EXERCISE BRIEF
Output, word for word, each line from the one with "76546, Franklin County" through the end of the listing below, excluding every picture.

*** DATA BELOW ***

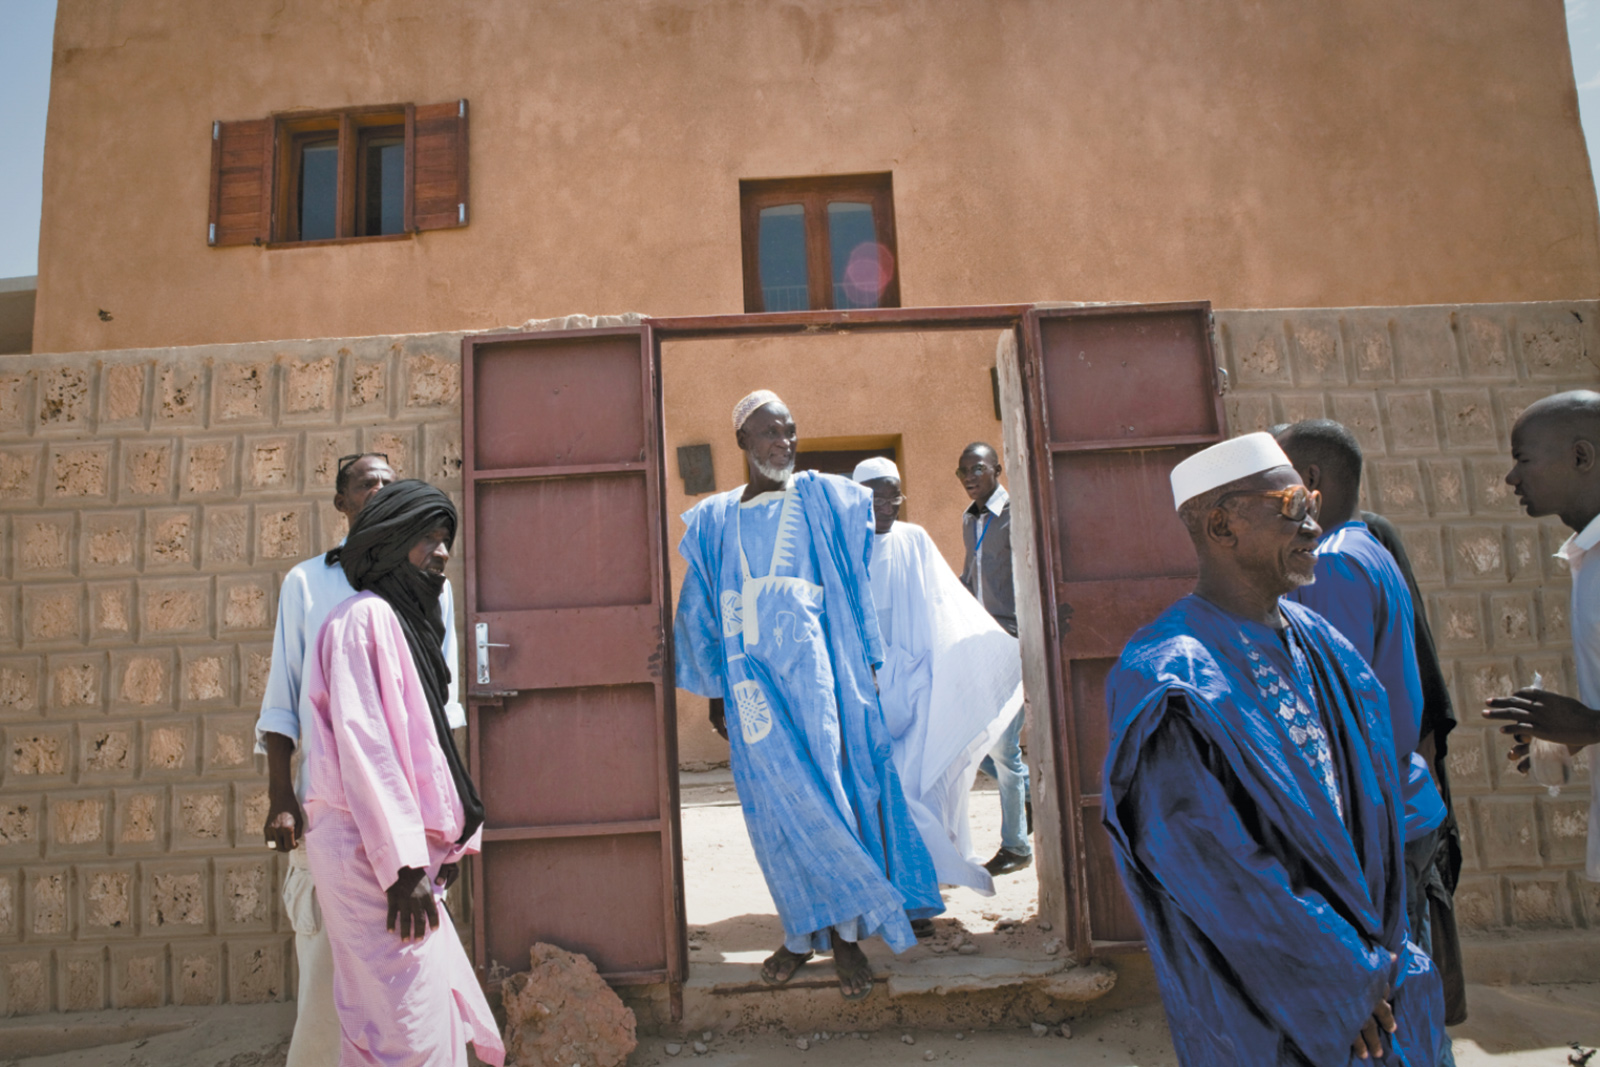 Community leaders leaving a ceremony honoring Timbuktu’s Crisis Committee, formed the year before to mediate between the civilian population and the jihadists during the Islamist takeover, October 2013
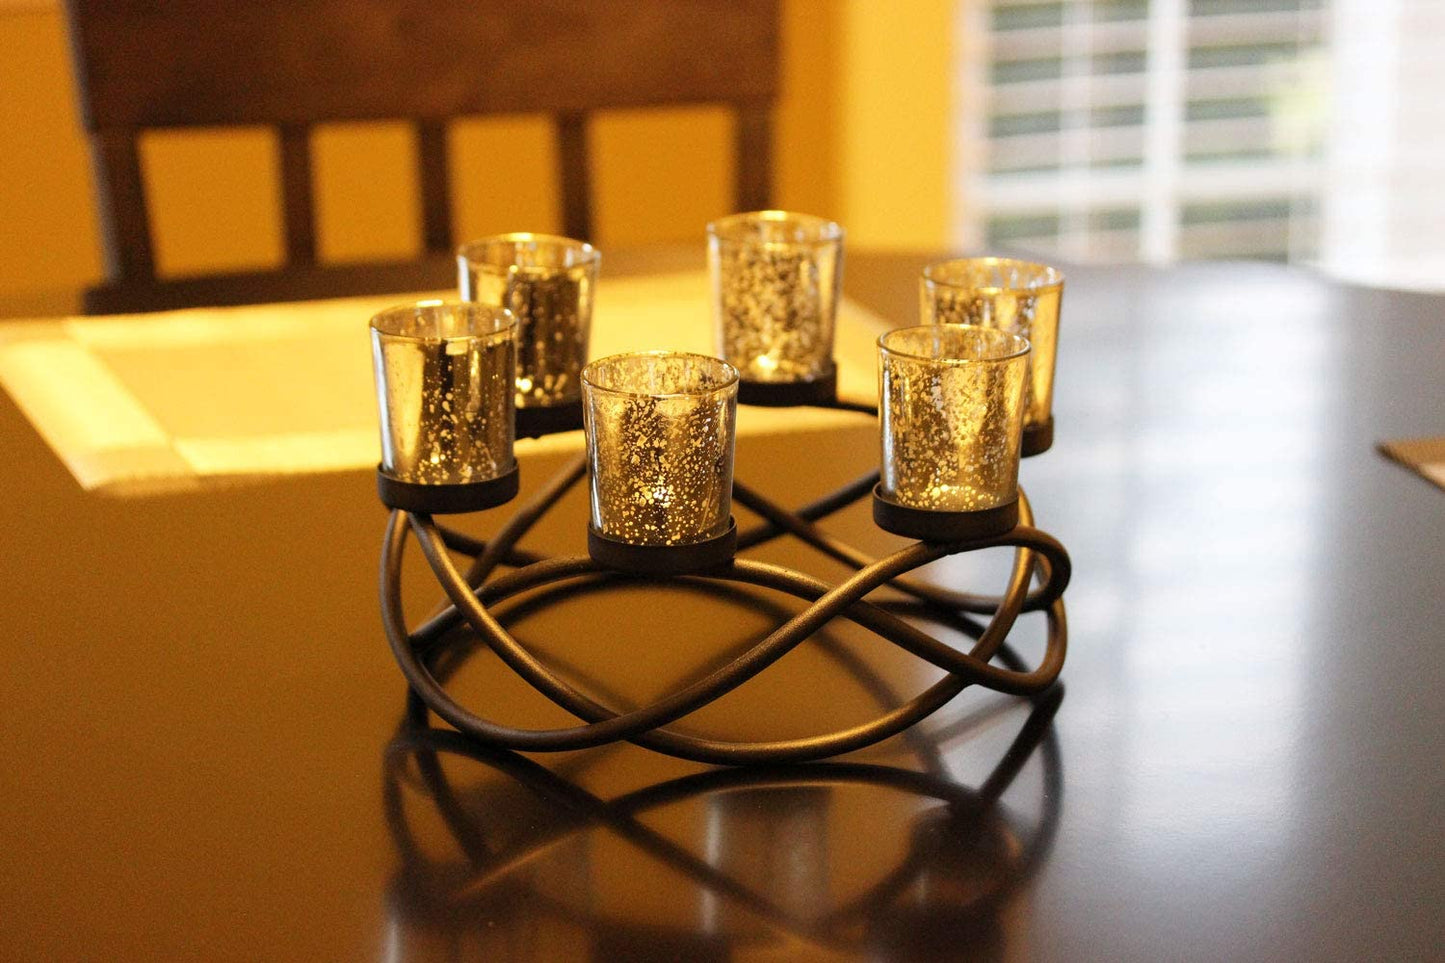 Iron Circular Table Centerpiece Decorations Candle Holder for Weddings, Patio, Kitchen, Dining Room, and Coffee Tables, Glass Votive Tealight Holders, Black, 6 Silver Cups
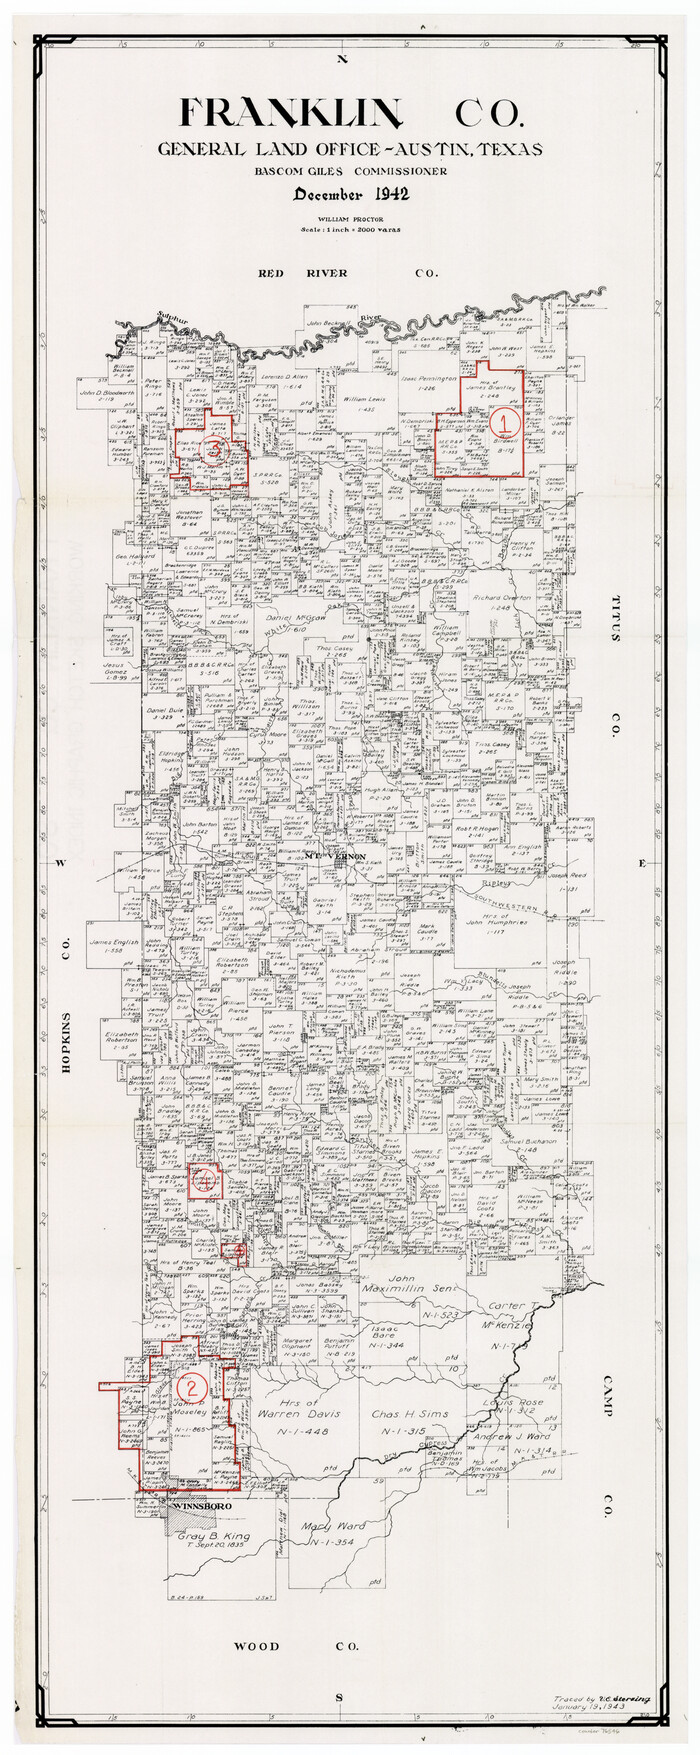 76546, Franklin County Working Sketch Graphic Index, General Map Collection
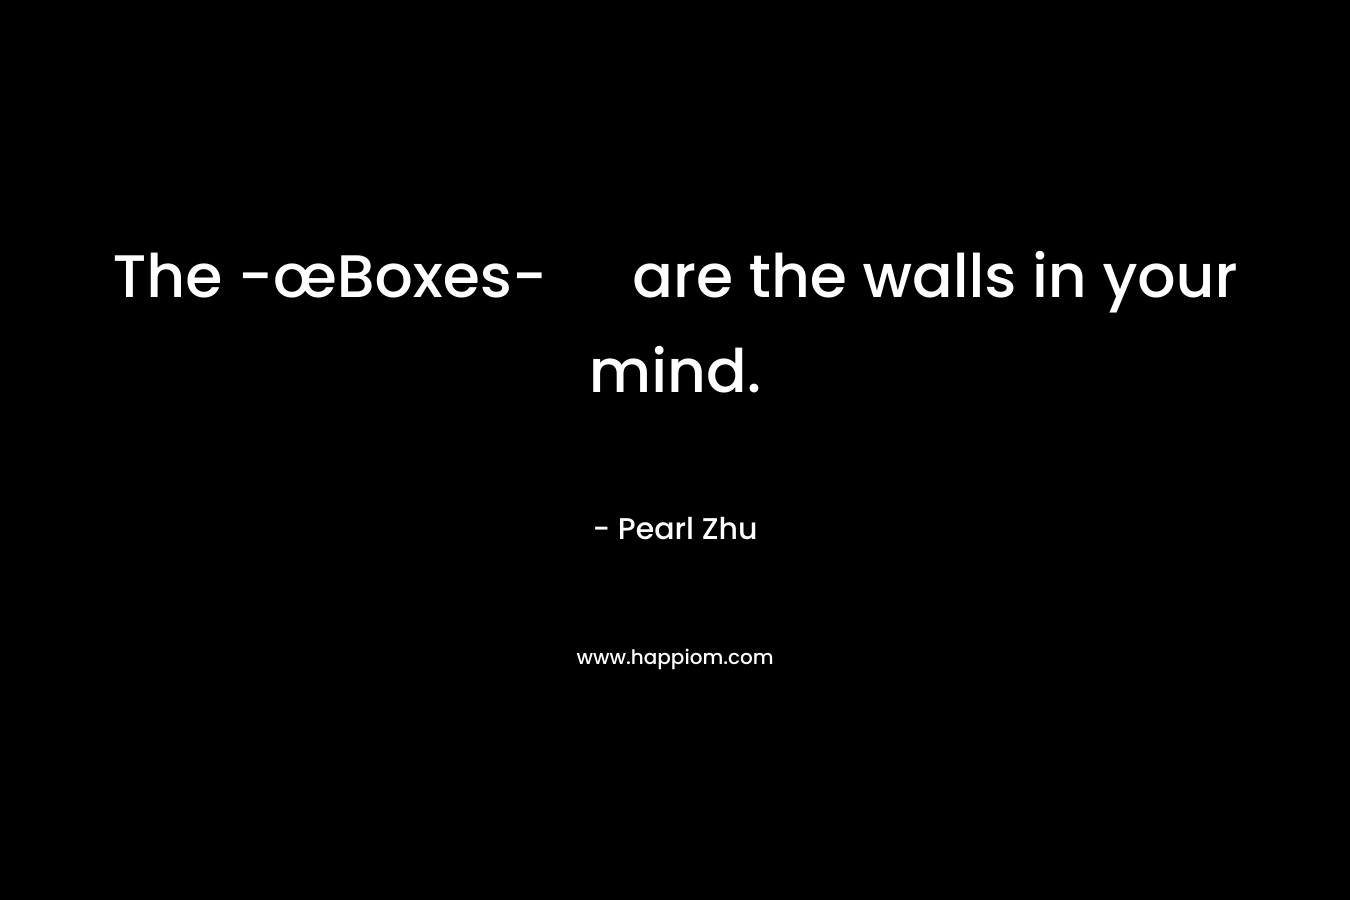 The -œBoxes- are the walls in your mind.

***

TASK ANSWER
 76546, Franklin County Working Sketch Graphic Index, General Map Collection
 The -œBoxes- are the walls in your mind.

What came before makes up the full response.